All of lore.kernel.org
 help / color / mirror / Atom feed
* [U-Boot] [PATCH] PowerPC MPC85xx: don't hang on read exception
@ 2009-03-13 22:20 Andrew Klossner
  2009-03-16  4:28 ` Liu Dave-R63238
  0 siblings, 1 reply; 6+ messages in thread
From: Andrew Klossner @ 2009-03-13 22:20 UTC (permalink / raw)
  To: u-boot

> In fact. u-boot has some support for these error events, check the
> cpu/mpc85xx/interrupts, 8548cds, 8544ds board file and drivers/pci
> /fsl-pci...c. beside they has not good framework.

Yes, that's a start.

The interrupts should be configured as critical so that the processor
doesn't hang when core_fault_in* is asserted while MSR[EE] == 0.

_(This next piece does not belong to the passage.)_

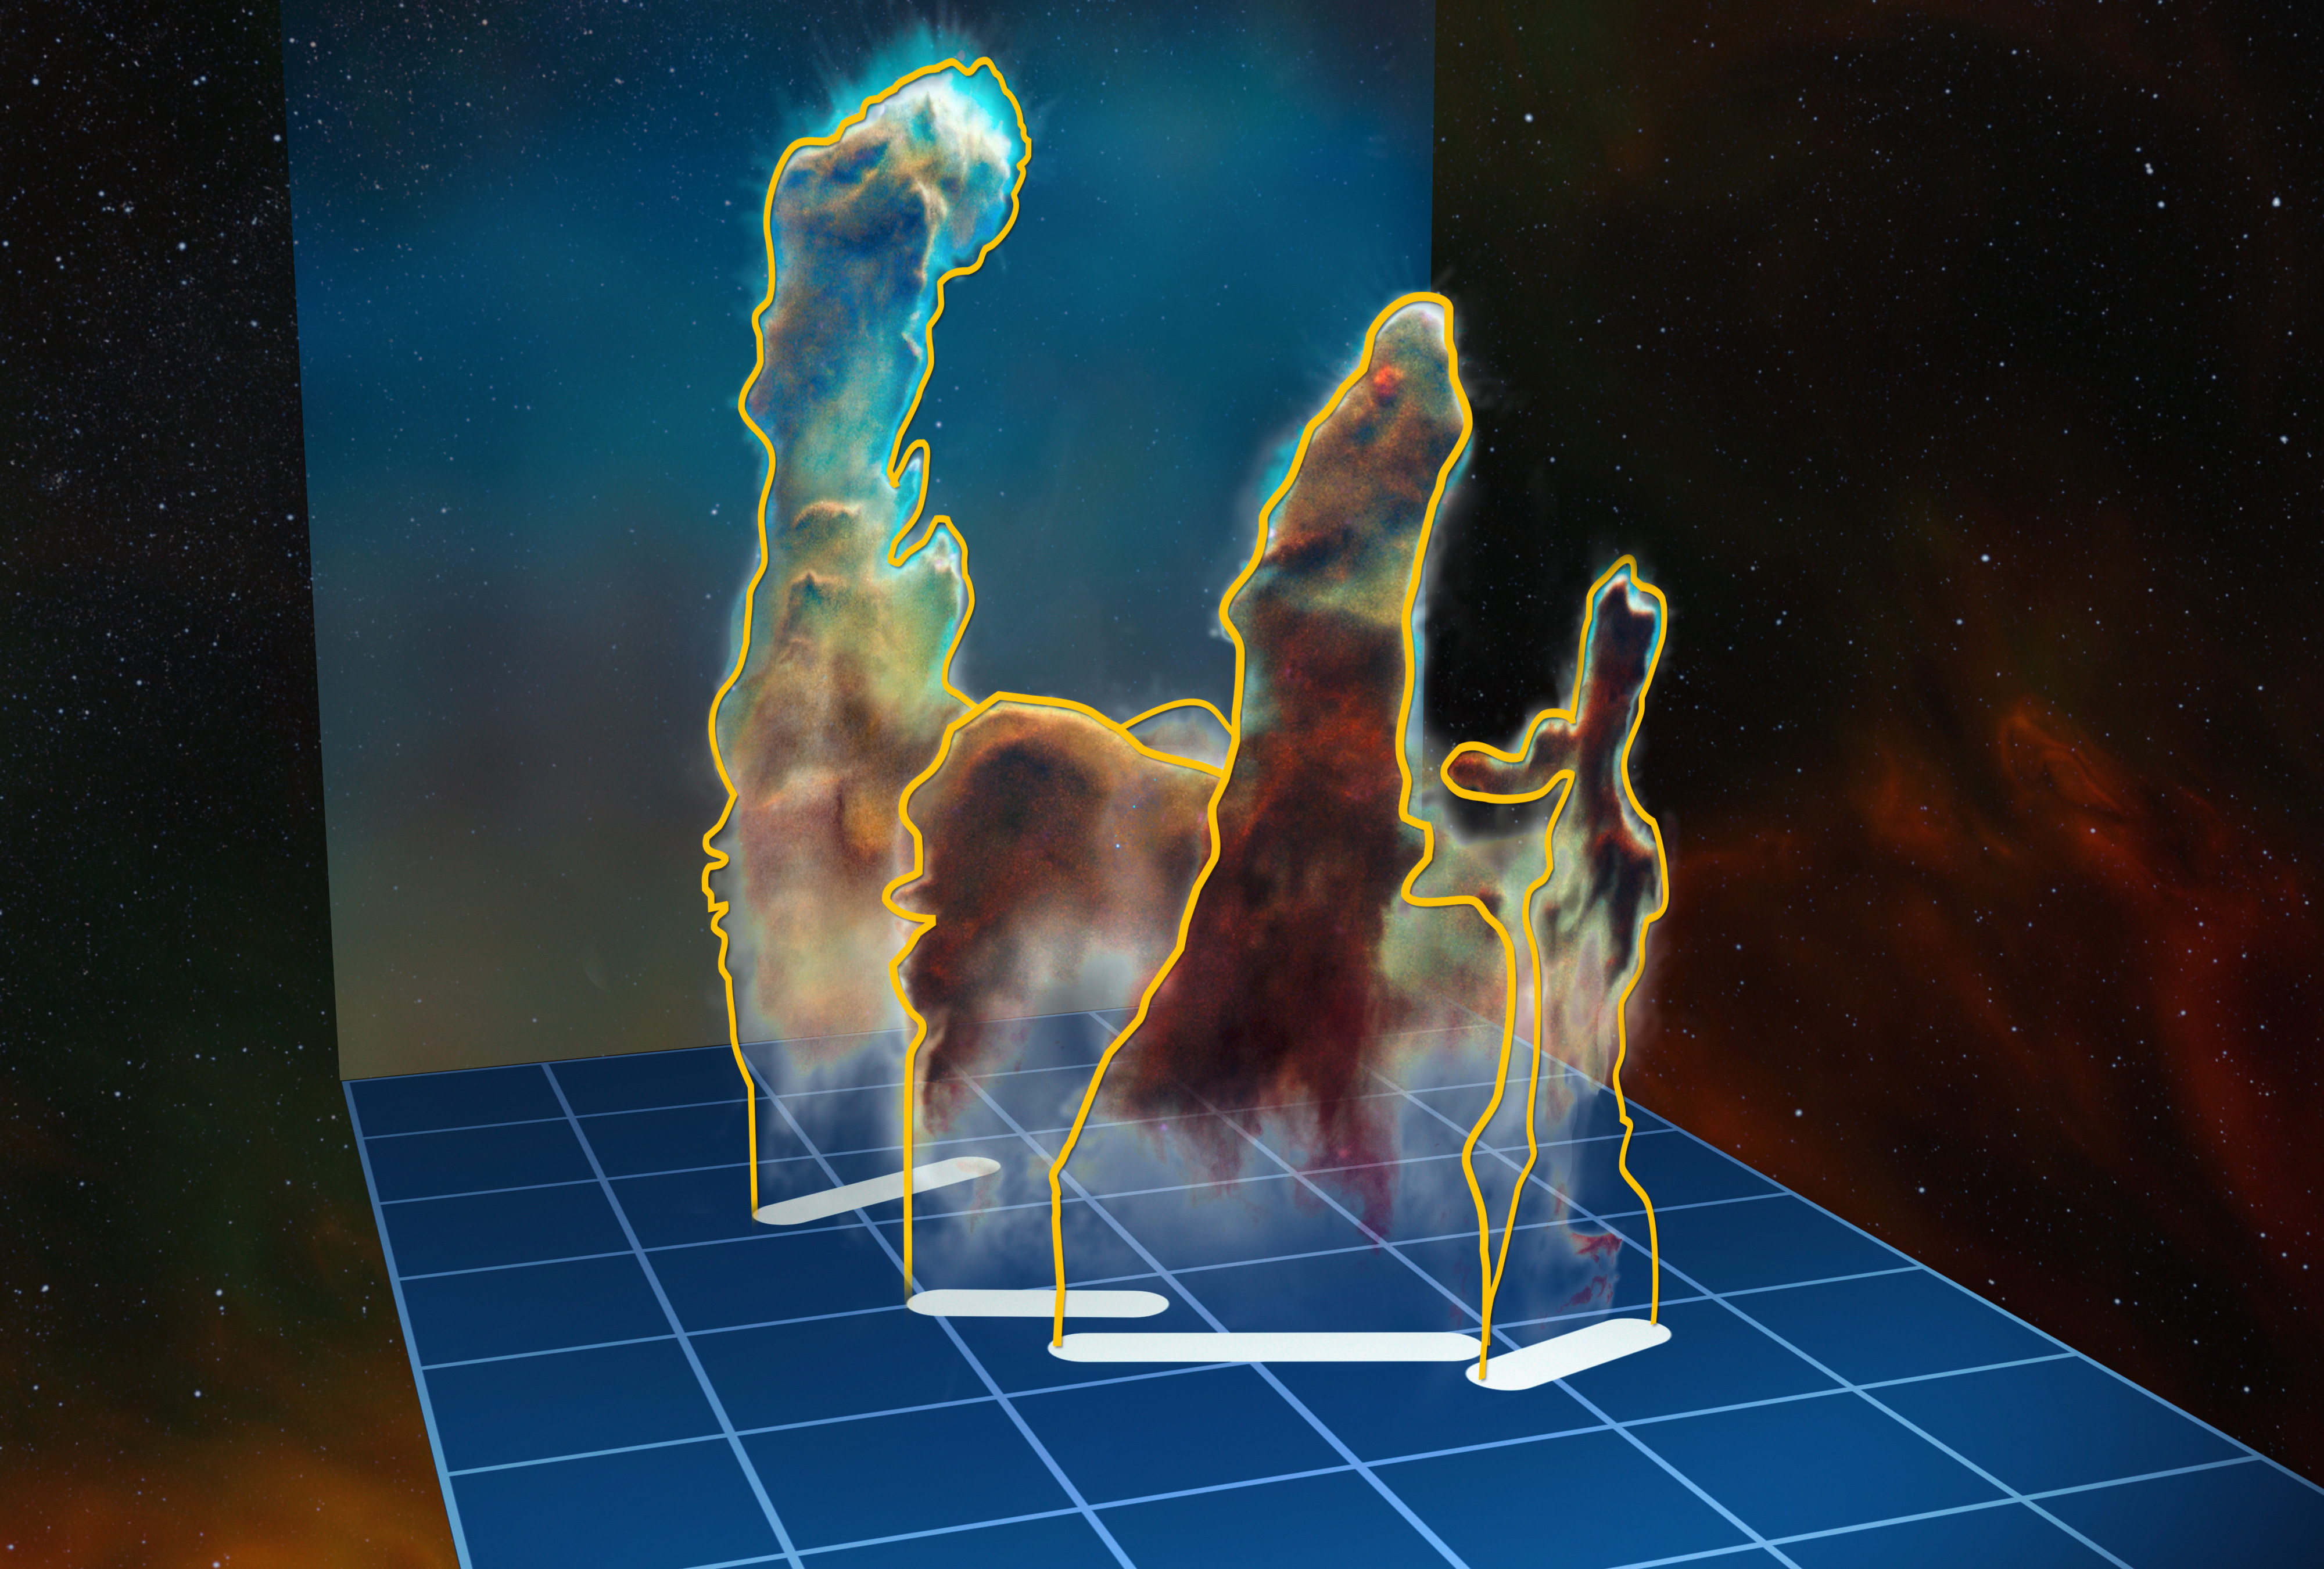 This visualisation of the three-dimensional structure of the Pillars of Creation within the star formation region Messier 16 (also called the Eagle Nebula) is based on new observations of the object using the MUSE instrument on ESO’s Very Large Telescope in Chile. The pillars actually consist of several distinct pieces on either side of the star cluster NGC 6611. In this illustration, the relative distance between the pillars along the line of sight is not to scale. Credit: ESO/M. Kornmesser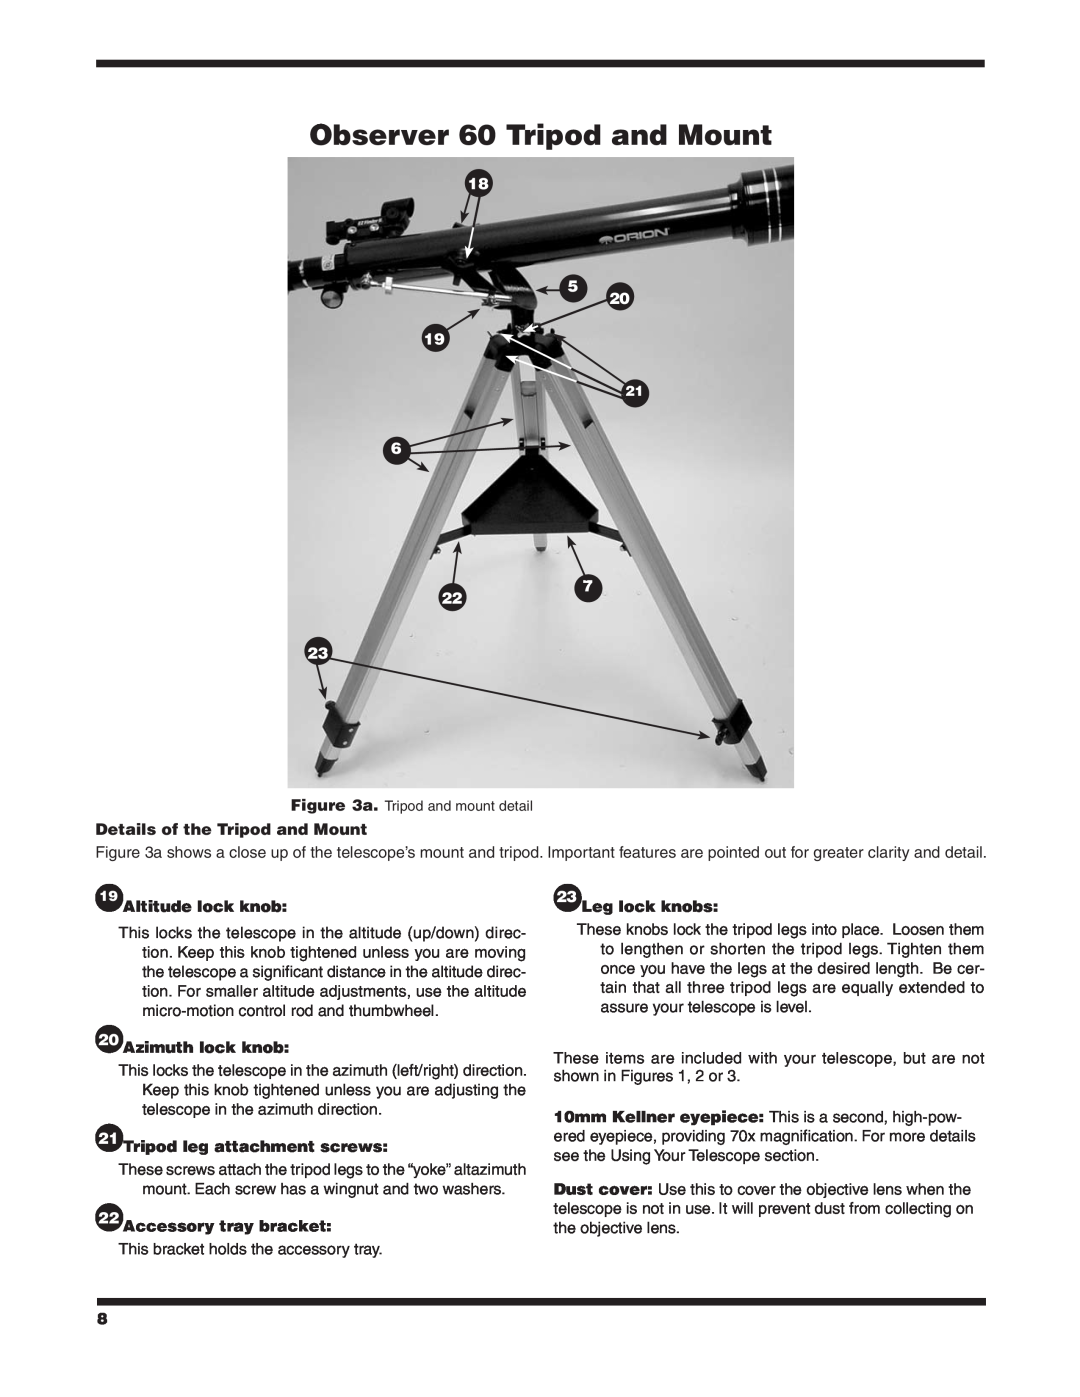 Orion 9854 Observer 60 Tripod and Mount, Details of the Tripod and Mount, Altitude lock knob, Leg lock knobs

iivpr0, iidr0, and l2errinten need to be set up to take interrupts on
L2 cache errors.  We've seen perhaps a dozen such errors since we
started using these chips.

err_int_en is only set up for MPC8536DS, MPC8572DS, and MPC8610HPCD.
You can get memory-select errors on boards that don't have ECC.
Granted, it's the result of a software flaw, but you'd rather take an
exception than hang when that flaw occurs.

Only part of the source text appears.